Barbara Britton (born Barbara Maurine Brantingham, September 26, 1920 – January 17, 1980) was an American film and television actress. She is best known for her Western film roles opposite Randolph Scott, Joel McCrea, and Gene Autry and for her two-year tenure as inquisitive amateur sleuth Pam North on the television and radio series Mr. and Mrs. North.

Early life
Britton was born September 26, 1920, in Long Beach, California. Her involvement with stage productions began when she was 14. She attended Polytechnic High School and Long Beach City College, majoring in speech with the intention of working as a speech and drama teacher. While in school, she began to show an interest in acting and working on local stage productions.  Britton was a Republican, and she campaigned for Dwight D. Eisenhower in both 1952 and 1956.

Career
In 1941, while appearing in a Pasadena Tournament of Roses Parade, a photo of Britton was used on the front page of a local newspaper. A talent scout took notice, and she was soon signed to a Paramount Pictures contract. (Another source says that a talent scout spotted her as the lead in the production of The Old Maid at her college, and "three weeks later she was signed by Paramount Pictures as a stock player.")

Film
That same year, she appeared in her first two films: the William Boyd Western Secret of the Wastelands and Louisiana Purchase starring Bob Hope. Her first major film appearance was in a small role in the John Wayne film Reap the Wild Wind (1942).  In 1944, she gave a very affecting performance with Ray Milland in Till We Meet Again.

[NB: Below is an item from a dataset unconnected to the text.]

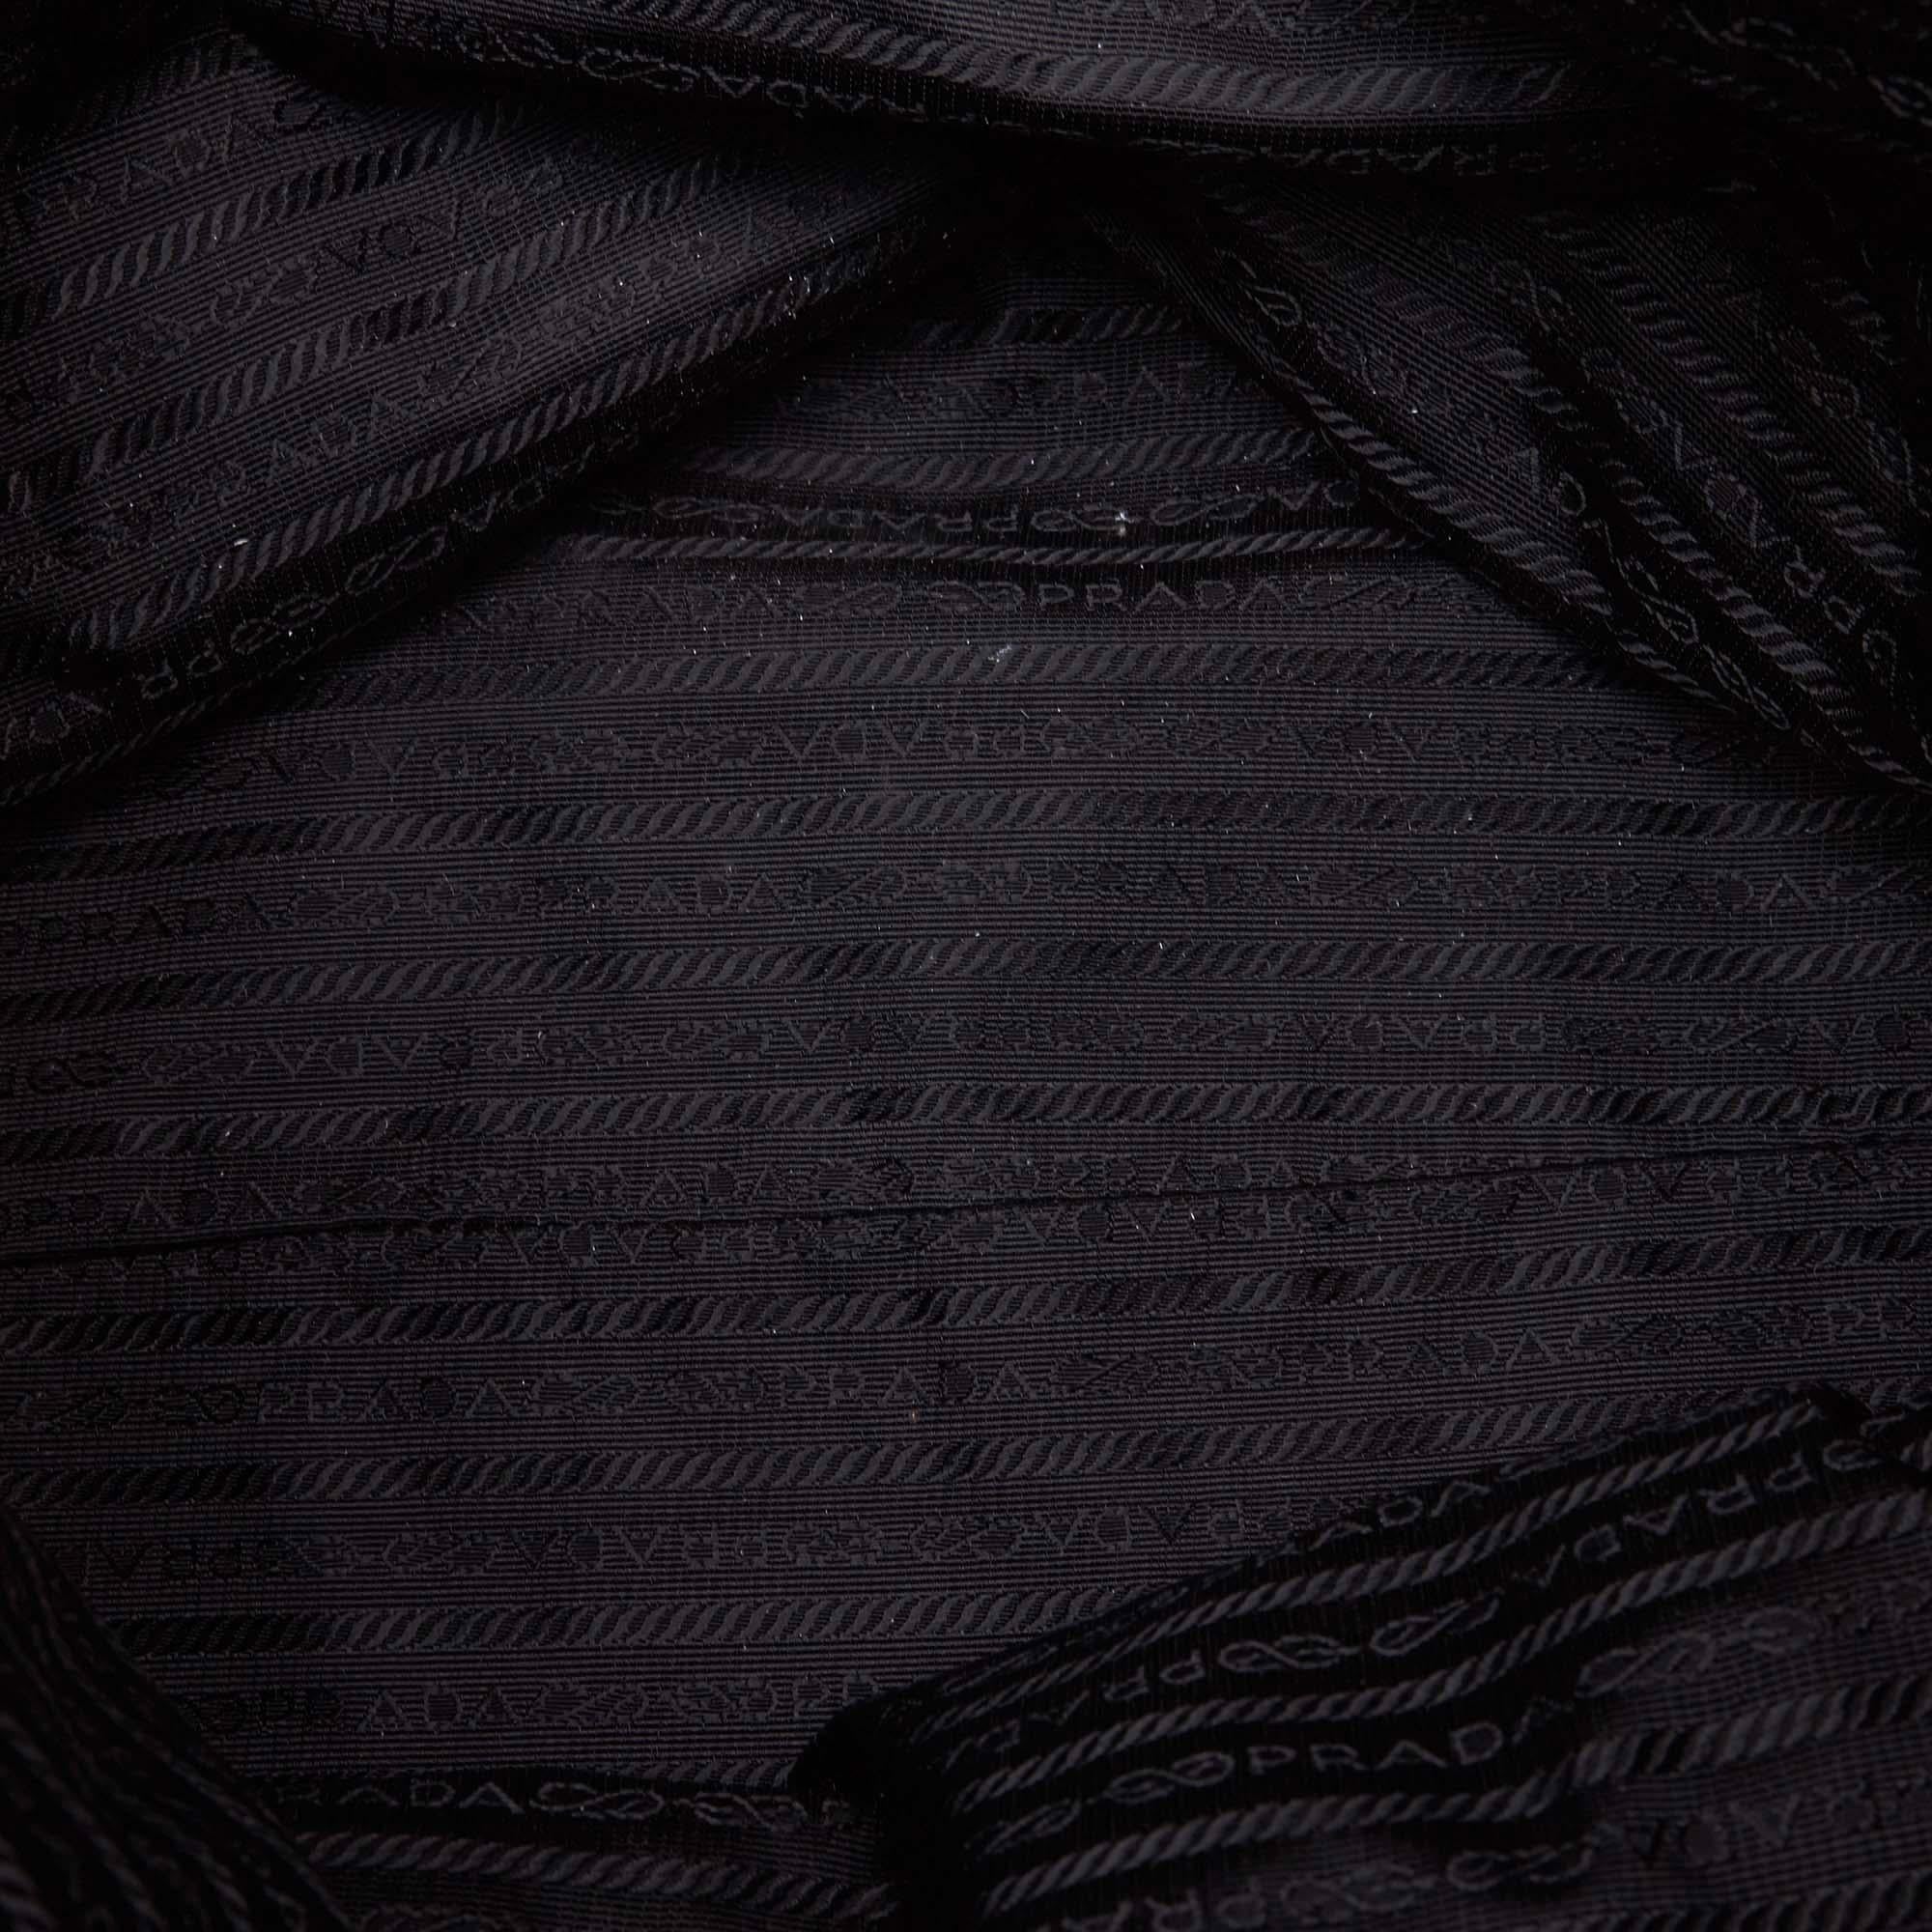 Vintage Authentic Prada Black Nylon Fabric Gathered Handbag ITALY LARGE  1
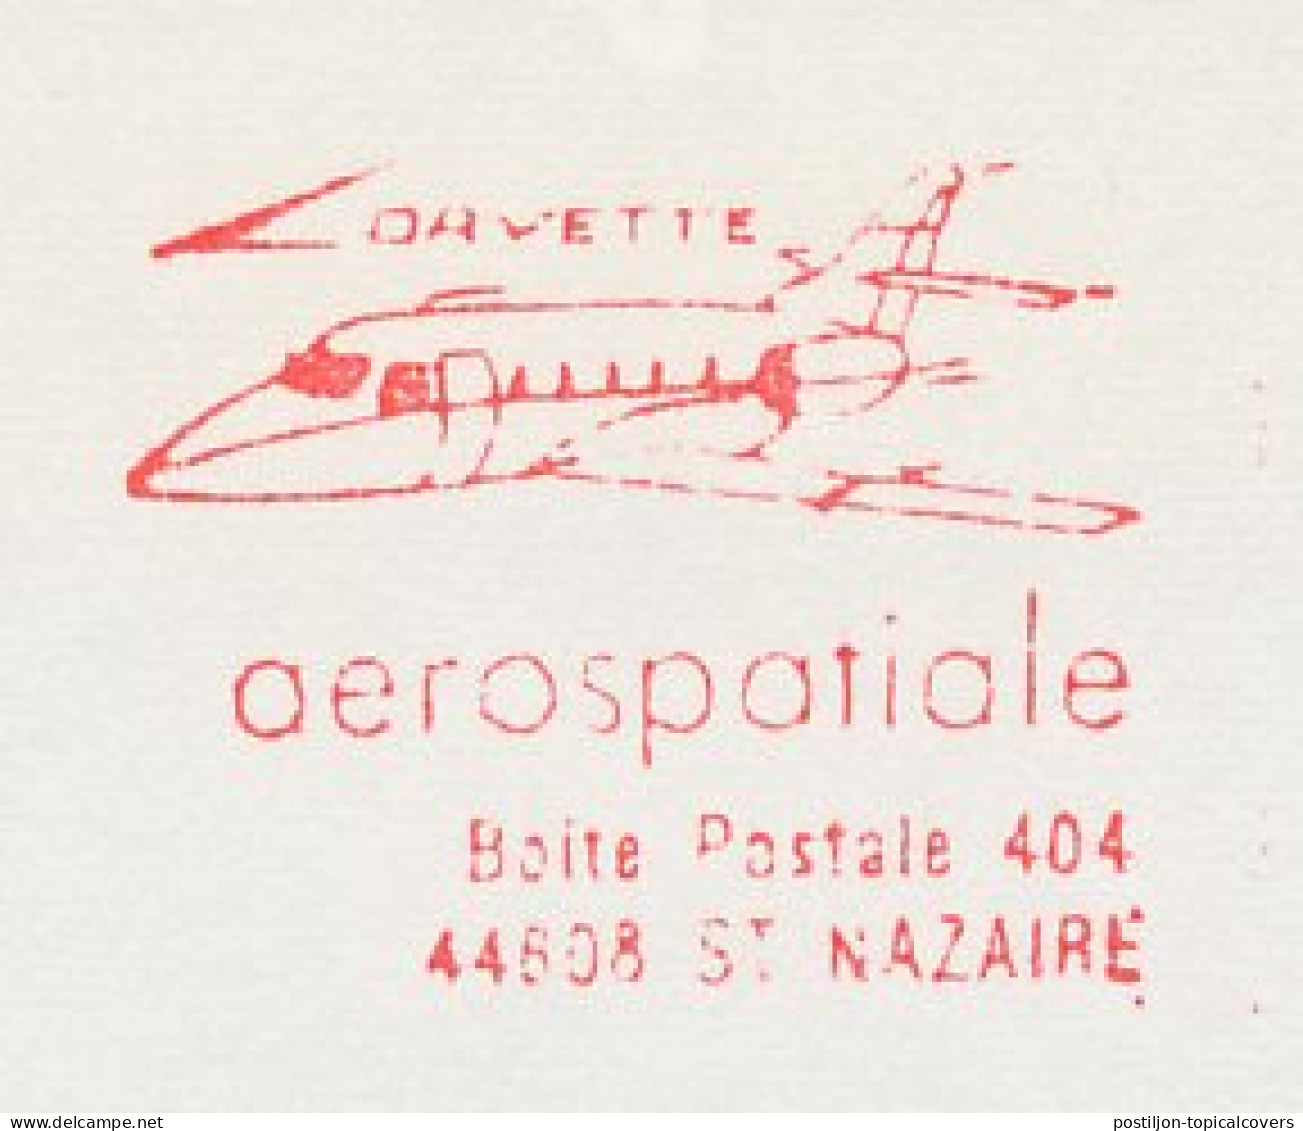 Meter Cut France 1984 Airplane - Aerospitale - Davette - Vliegtuigen

During the 1940s Britton starred in three films for which she is most recognized today, two of which co-starred Randolph Scott. The first was the 1945 film Captain Kidd with Scott, followed by The Virginian in 1946 opposite Joel McCrea. The third was the 1947 Randolph Scott film Gunfighters. She teamed with Scott again in the 1948 Western Albuquerque, and that same year she starred opposite Gene Autry in Loaded Pistols. In total, she starred or appeared in 26 films during that decade.

Television
Britton starred in the 1950s television show Mr. and Mrs. North, a Thin Man-like mystery show, with Richard Denning and Francis De Sales. She was probably best known for being the spokeswoman for Revlon products in the 1950s and 1960s, appearing in advertisements and commercials that included live spots on The $64,000 Question. She also portrayed Laura Petrie in Carl Reiner's Head of the Family, the 1959 pilot for the later Dick Van Dyke Show.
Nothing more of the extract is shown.